Earlier this year I was asked to make an index for a baking book written by a YouTuber (yes that is a word, it’s in the dictionary). So I did the job and ended up a bit puzzled. There were plenty of recipes for cakes, cookies and cheesecakes, but they were a bit ‘easy’, no complicated techniques, no hard-to-find ingredients, not many flavours, and I wondered faintly why anyone had bothered to make the book. So I put the work behind me and got on with other things and wasn’t even tempted to try making any of them.

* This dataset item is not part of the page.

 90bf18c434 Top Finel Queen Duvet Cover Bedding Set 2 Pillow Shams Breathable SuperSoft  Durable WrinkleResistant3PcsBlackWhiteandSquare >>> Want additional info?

Last Friday, 1st July, while Britain and Europe were still reeling from Brexit, I was labouring over an index for a book about medieval trade across the North Sea, and on the day the destruction of the Somme was remembered (wasn’t #wearehere fabulous? I wish I’d been able to see some of the young men myself), Tanya Bakes was launched. And I finally got why the book was written, it’s not a book for my demographic at all, it’s a cookery book for people who want straightforward, simple, feelgood recipes, with nice pictures. It’s for girls (and boys) who want to thank their mum or dad or sister, or nan or uncle or teacher and make them a few cookies. It’s for friends who want to spend an hour together to make something before settling down to watch a movie. It’s for anyone who wants to make cheesecake or party pudding or a cake you can stick sparklers in. There’s not much in the way of fancy icing to be done and it shows it is OK to put sweets on cakes if that’s what you want to do. If you want recipes for Nutella or put peanut butter in something, you’ll find something to help you.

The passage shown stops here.